> [ACTION ITEM]: Give back the data below word for word. Any image in it should be left out.
==== DATASET SECTION ====
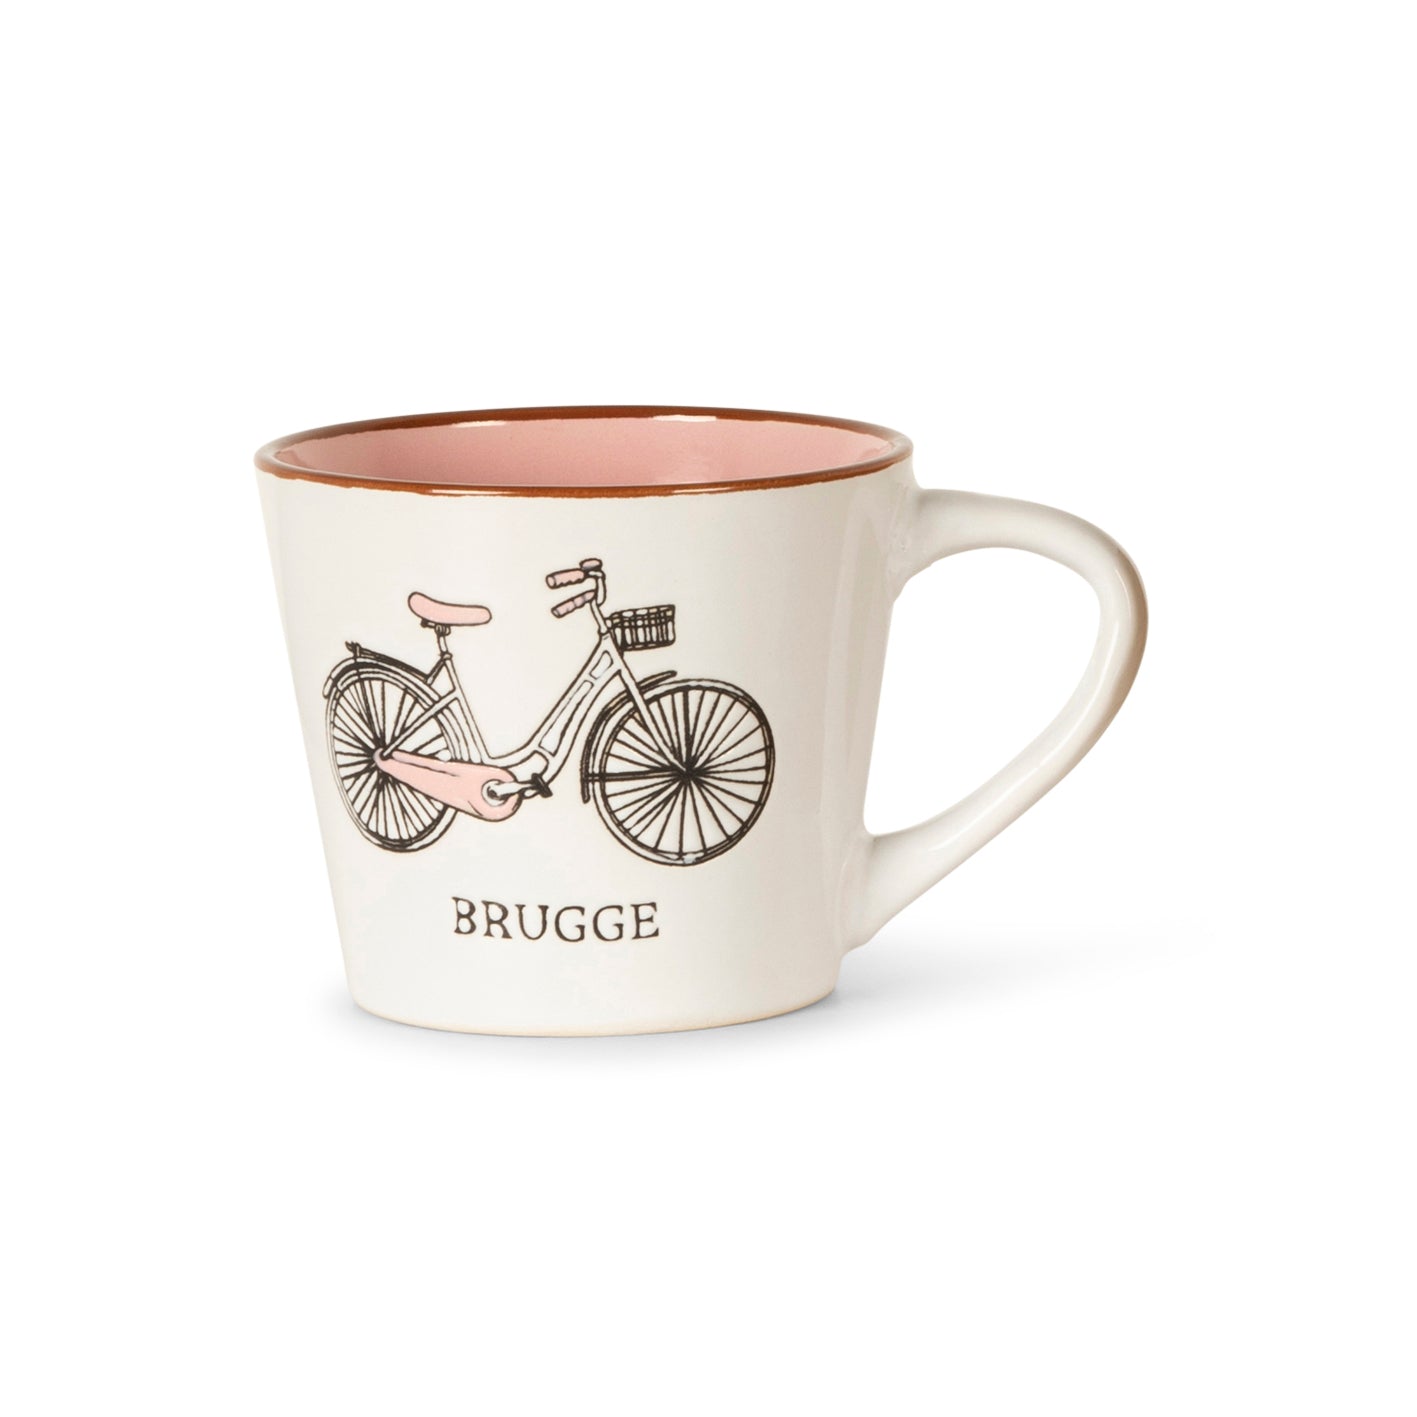 Silk mug - Brugge - bike
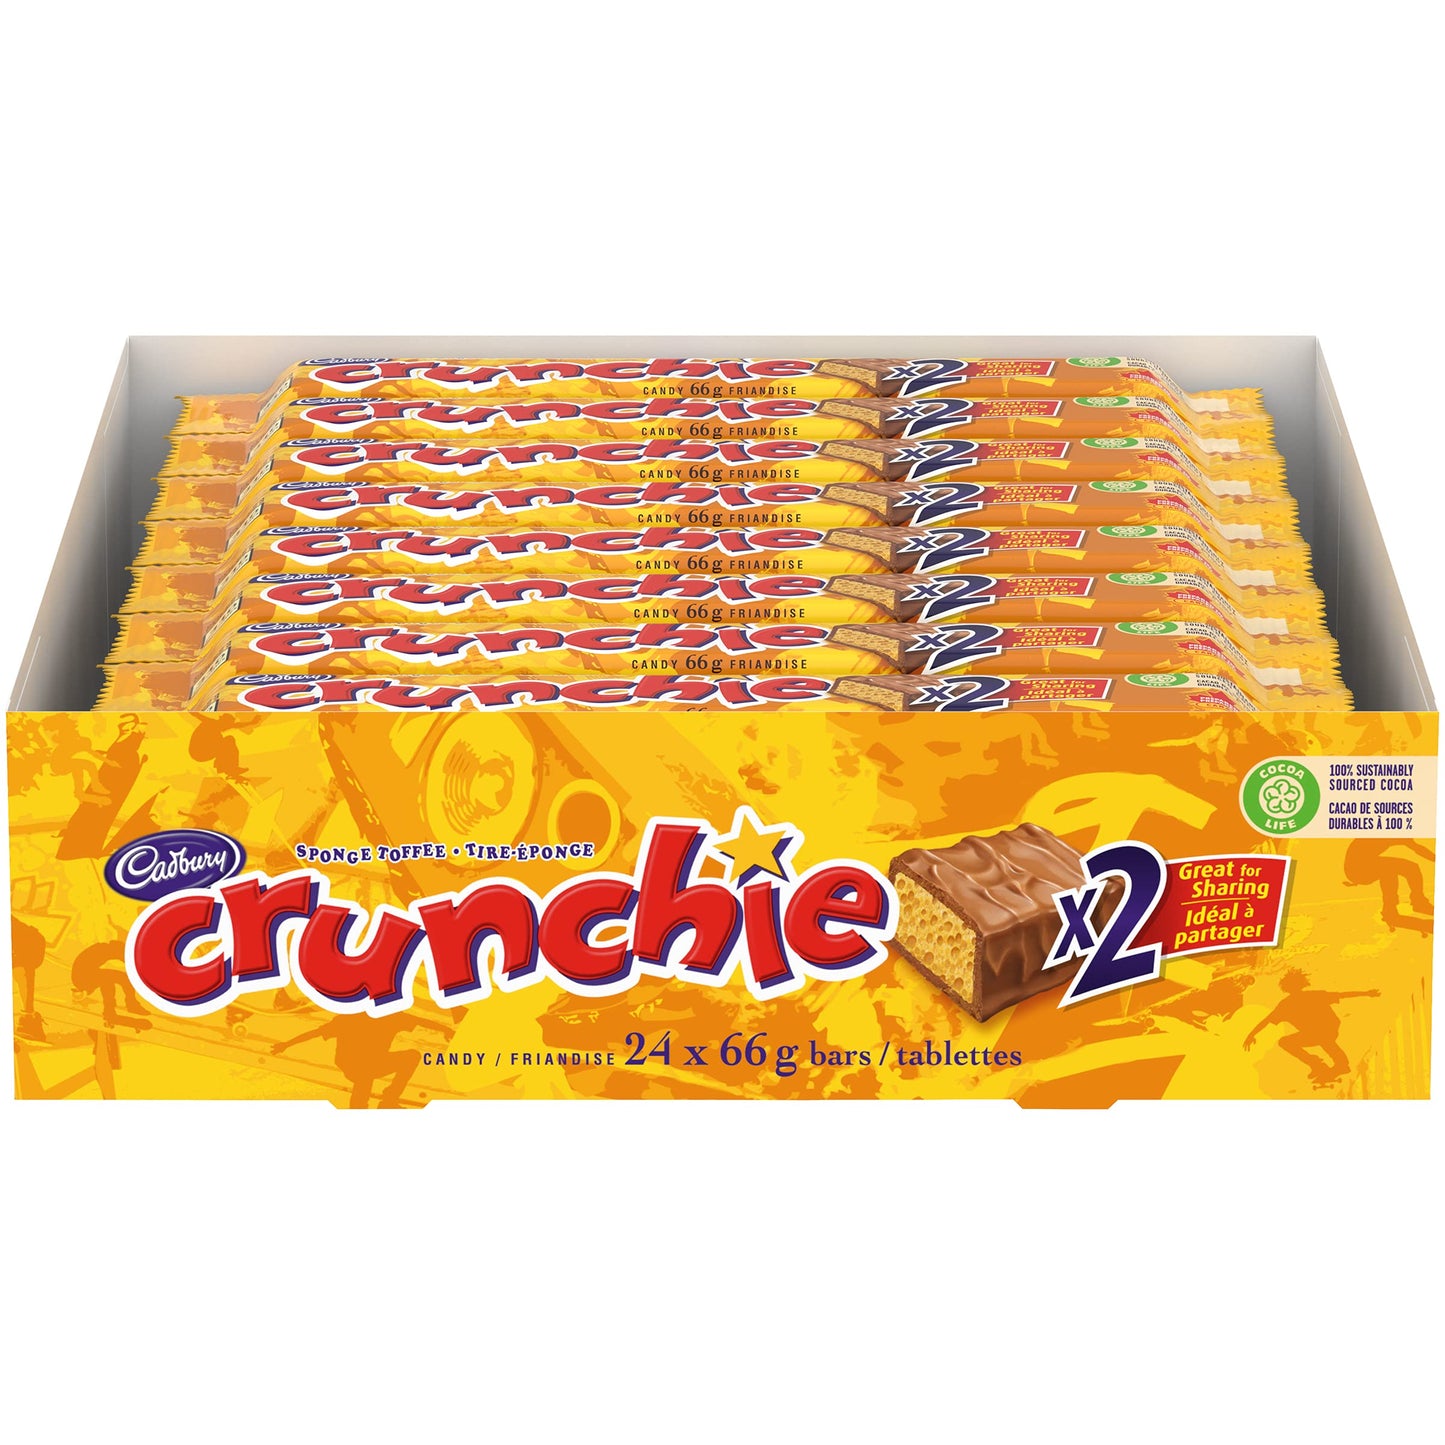 Cadbury Crunchie King Size Bar 66g - 24ct
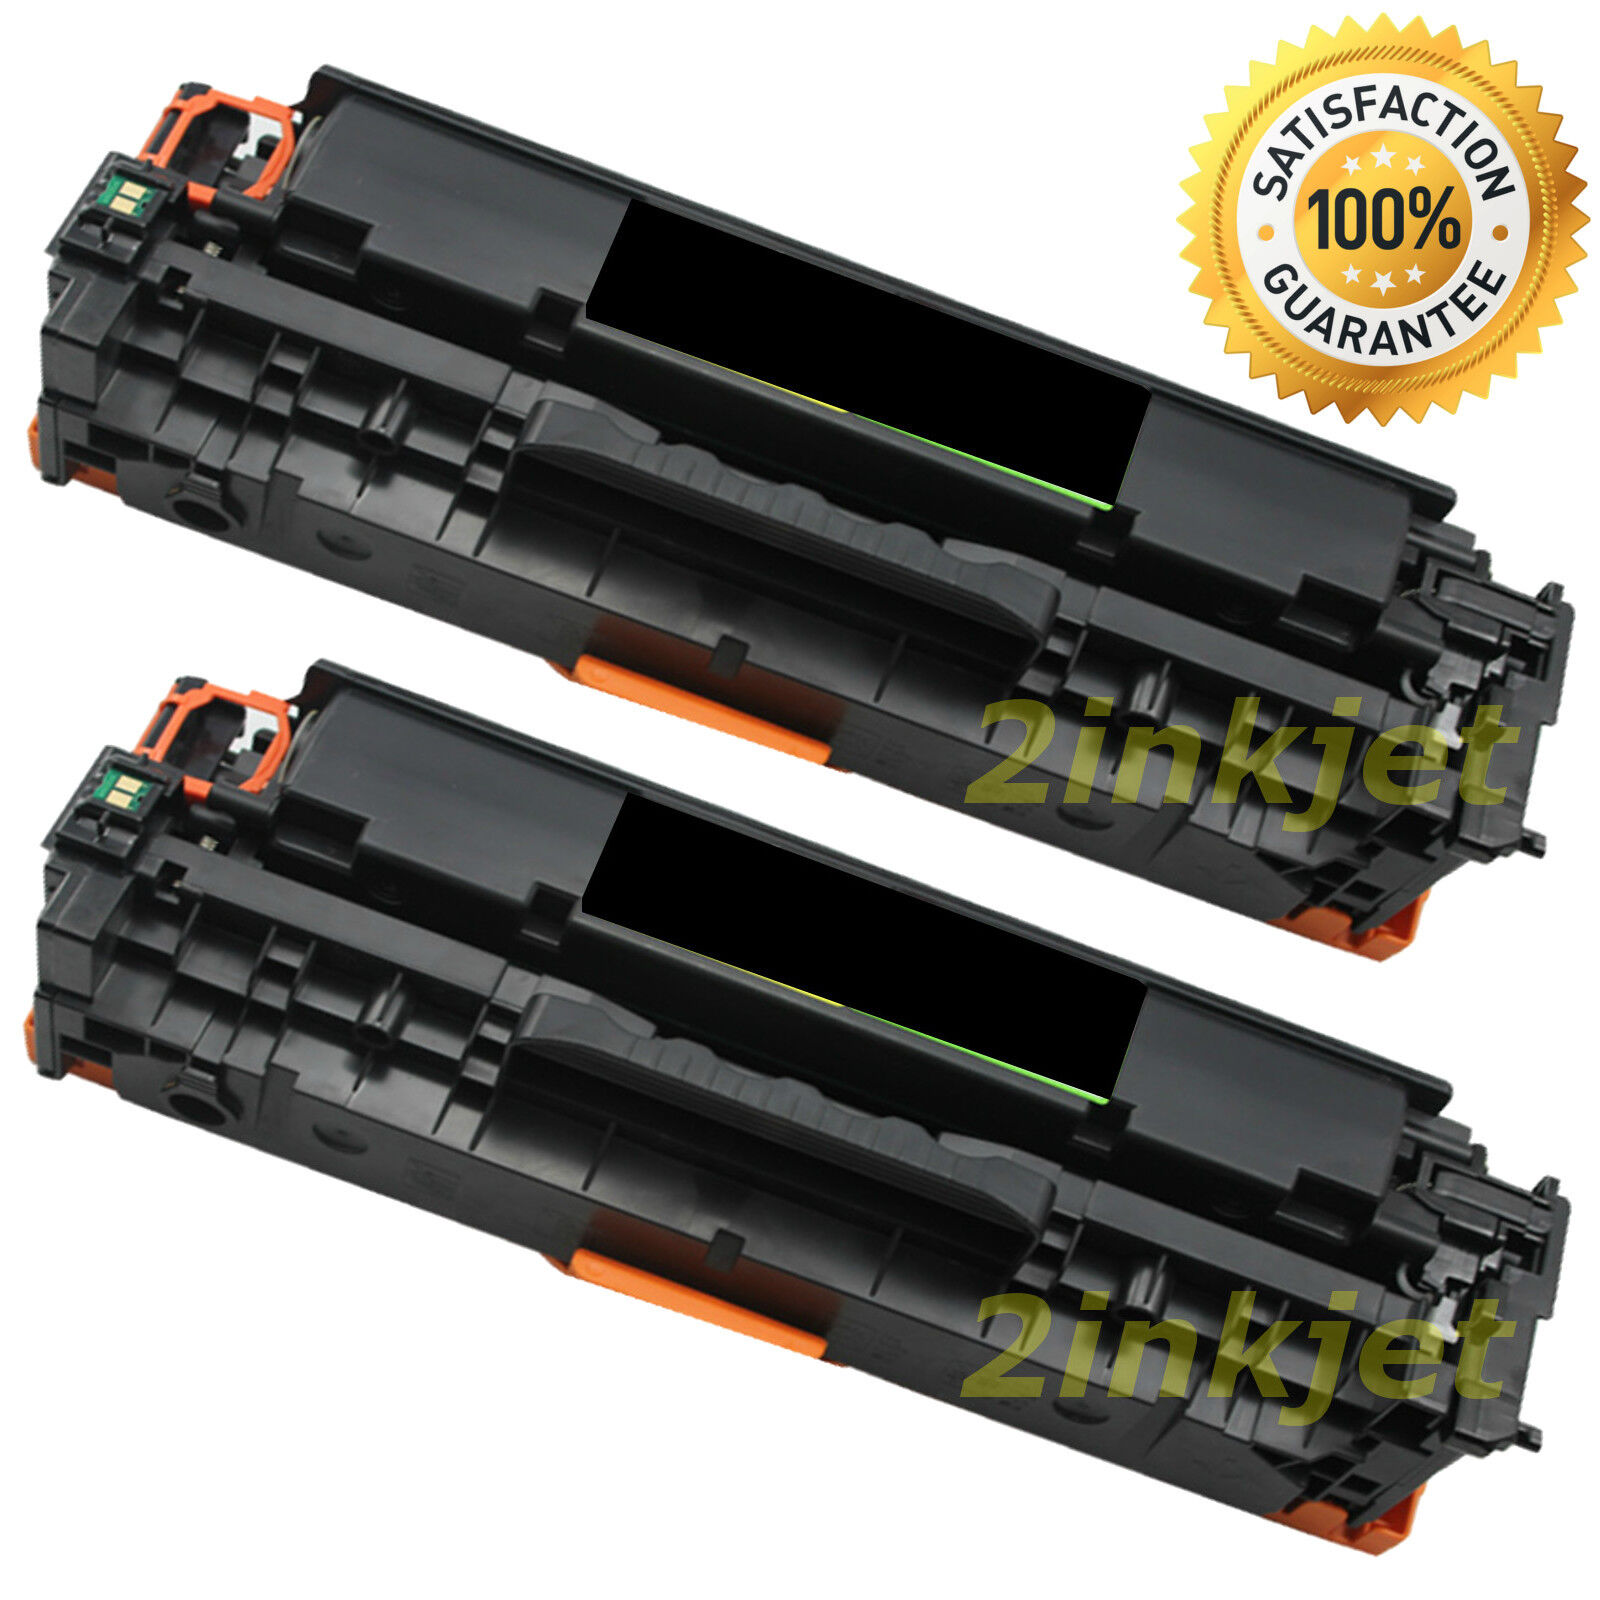 2 x Compatible CF210A 131A Black Toner Cartridge for LaserJet M251n M251nw M276n
====
> [RESULT FOR THIS EXERCISE]:
 Silk mug - Brugge - bike
 Cadbury Crunchie King Size Bar 66g - 24ct
 2 x Compatible CF210A 131A Black Toner Cartridge for LaserJet M251n M251nw M276n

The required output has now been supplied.